Dynarrestin (37 in Figure 13) is a novel inhibitor of cytoplasmic dyneins 1 and 2 [161]. Dynarrestin inhibits Hh-dependent signaling and proliferation of primate and human tumor cells. It also inhibits cytoplasmic dynein 1-dependent processes at 25 μM, including endosome movement, mitosis, and microtubule gliding without inducing mitochondrial toxicity or having off-target effects on protein kinases. Dynarrestin reversibly inhibits dynein 1 without affecting ATP hydrolysis. Dynarrestin could serve as a promising lead compound for drug development of anticancer therapeutics.

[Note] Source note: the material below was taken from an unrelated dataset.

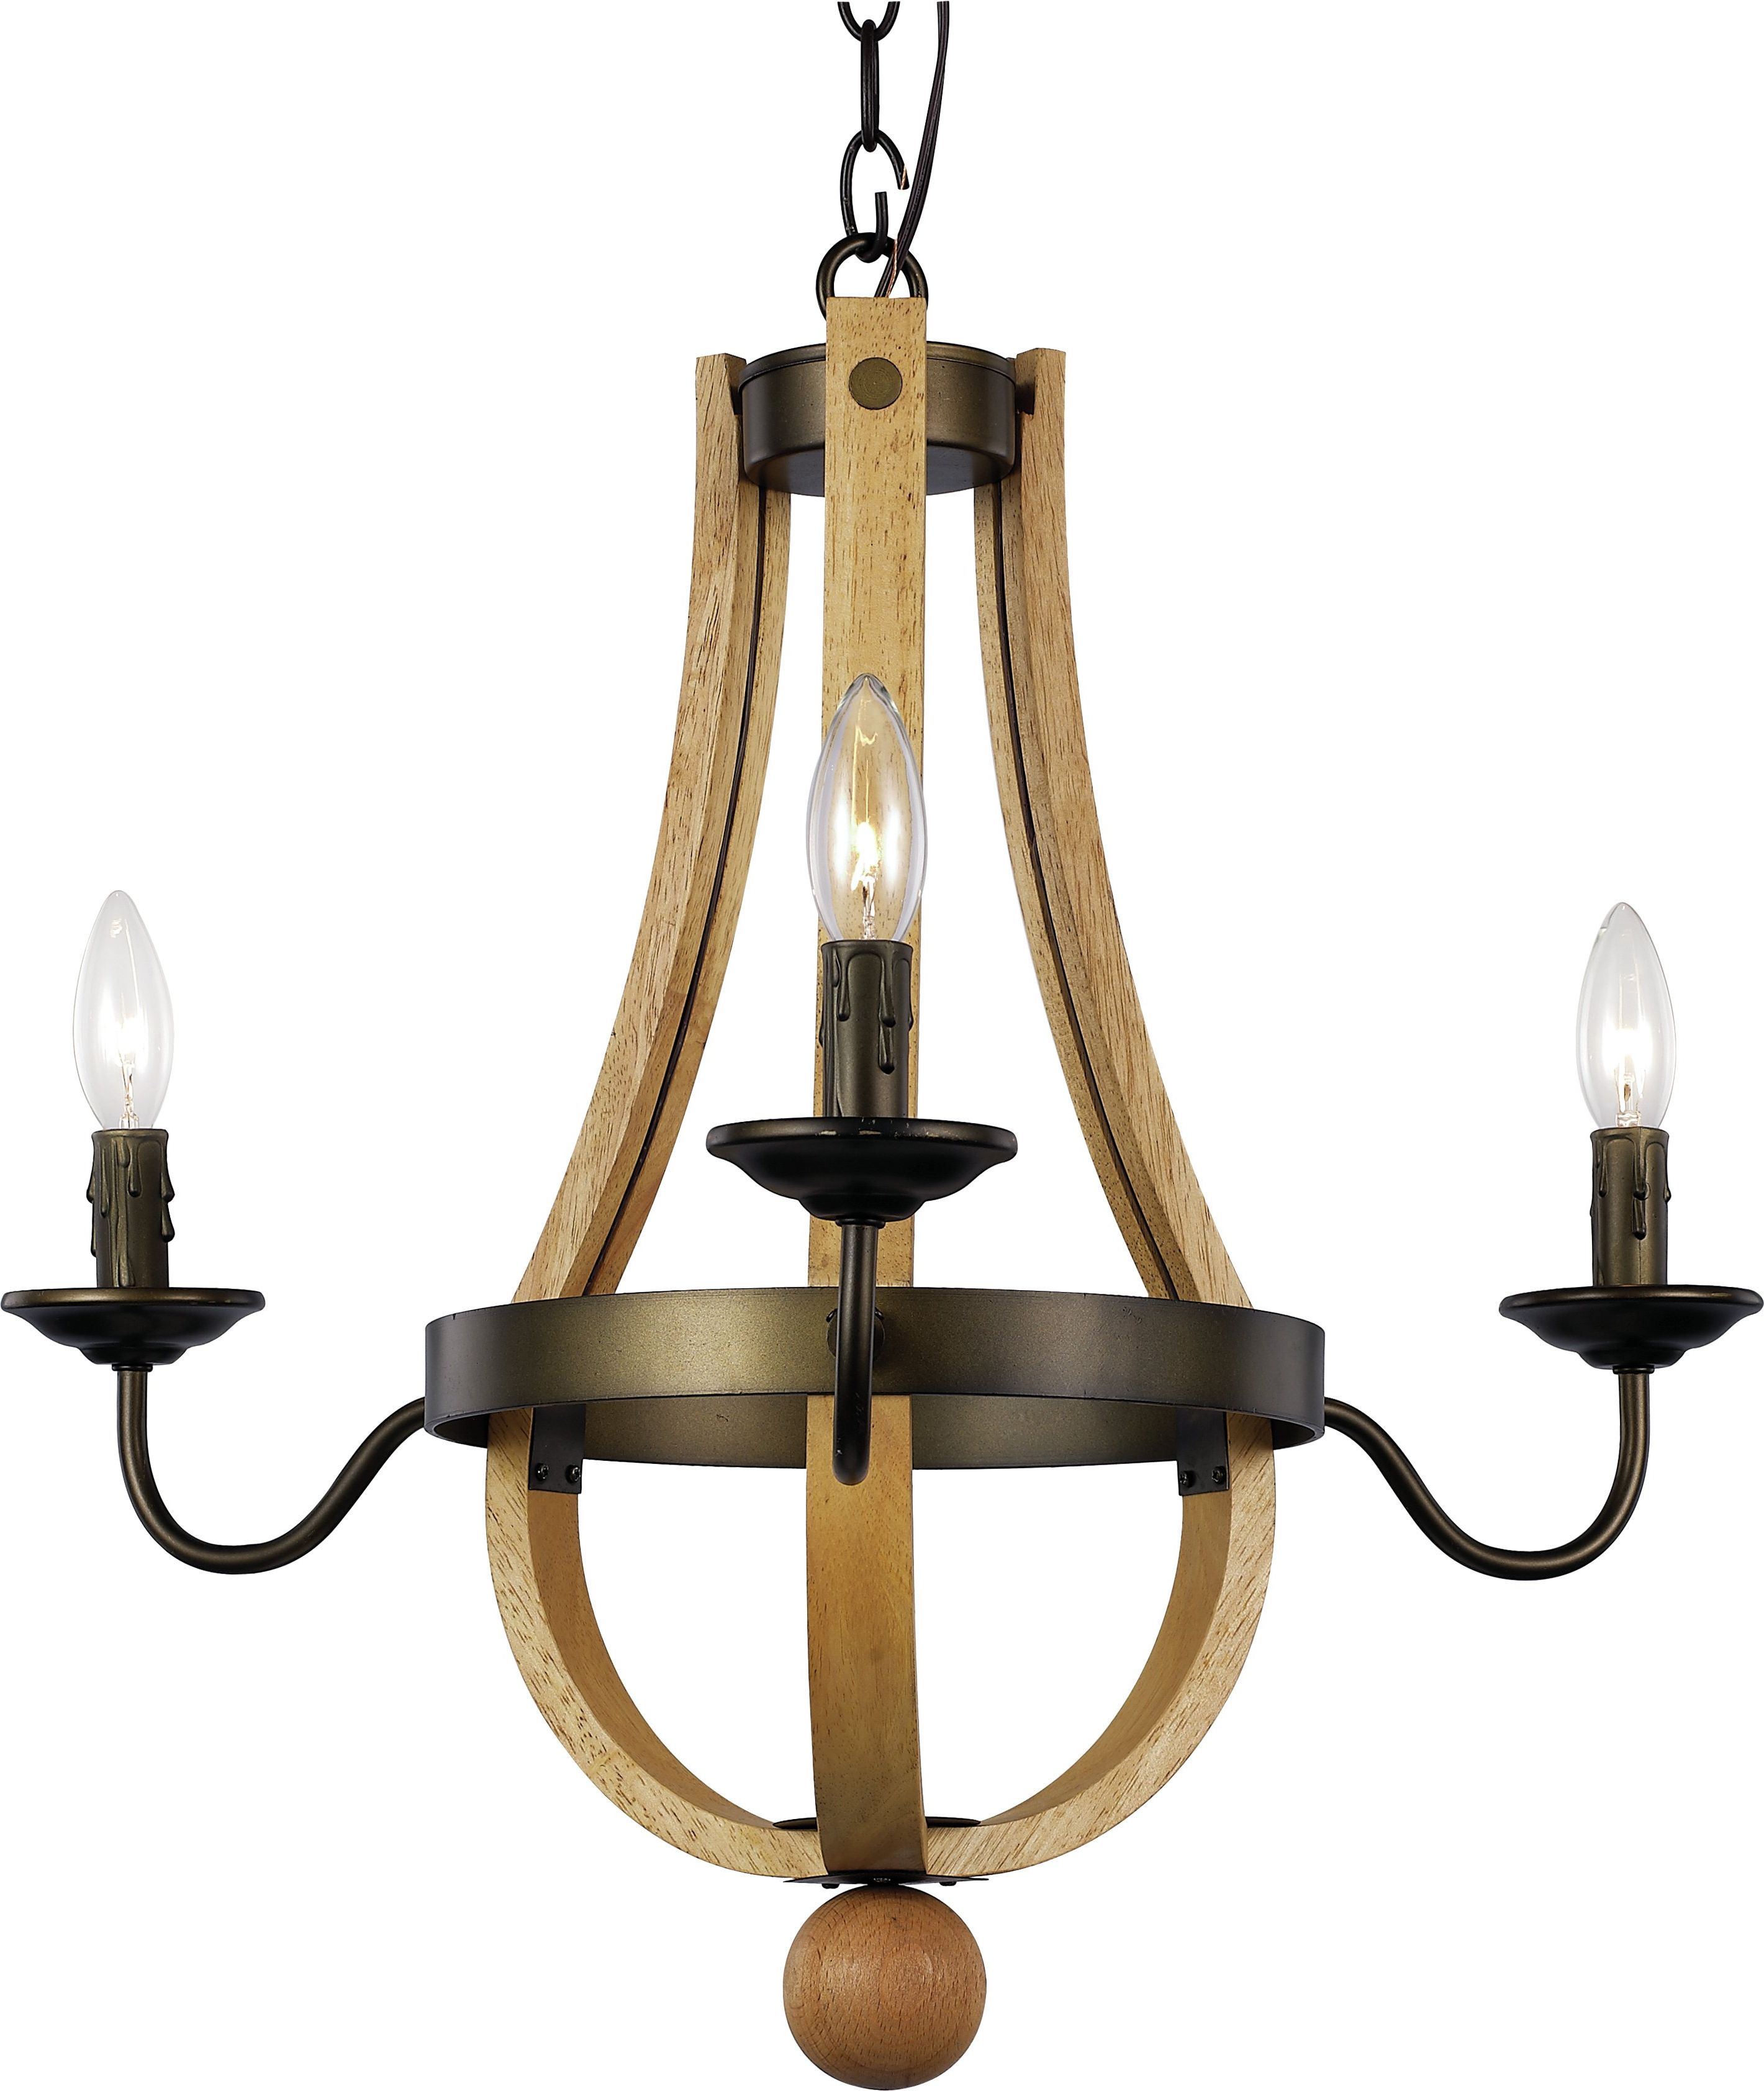 Finnick 3 Light Lantern Pendants Throughout Most Recently Released Dimitri 3 Light Empire Chandelier (View 20 of 25)

3. Conclusions and future perspectives

AAA ATPases are essential for many cellular functions, and members of the AAA family are found in all organisms. To understand the role of each in cellular and molecular level, specific and selective small molecular inhibitors with distinct mode of action will be critical. Interestingly, the protein abundance for AAA ATPase is relatively high, for example p97/VCP is 1% of total cellular proteins. To knock out essential proteins is not feasible and to knock down abundant proteins is more challenging. Therefore, to develop small molecule compounds provide a valuable tool to study biology of these protein and the added values of potentially validating whether these proteins are good drug targets and eventually to develop a drug. For example, p97 is the most studied AAA ATPase, and due to the potent activity of p97 inhibition and the binding site, CB-5083 and NMS-873 could serve as tool compounds to further investigate p97 function and develop novel p97 inhibitors. CB-6644 as the RUVBL1/2 complex inhibitor showed promising activity and could serve as a tool compound for the further investigation on RUVBL1/2 complex function and signaling pathway. Due to the significance of AAA ATPases, the work done so far provides the foundation for identification and development of new inhibitors against AAA ATPases using the combination of chemical biology, structural biology, and proteomic approaches in the near future.

Highlights.

• Comparison of the structures of p97, RUVBL1/2 complex, ATAD2, spastin, midasin, and dynein.

• Comparison of the structures of hexameric and heptameric p97 Domain 2.

• Comparison of the structures of RUVBL1 Domain 2 within the RUVBL1/2 complex with or without ADP bound.

• Review of small-molecule inhibitors of p97, RUVBL1/2 complex, ATAD2, spastin, midasin, and dynein.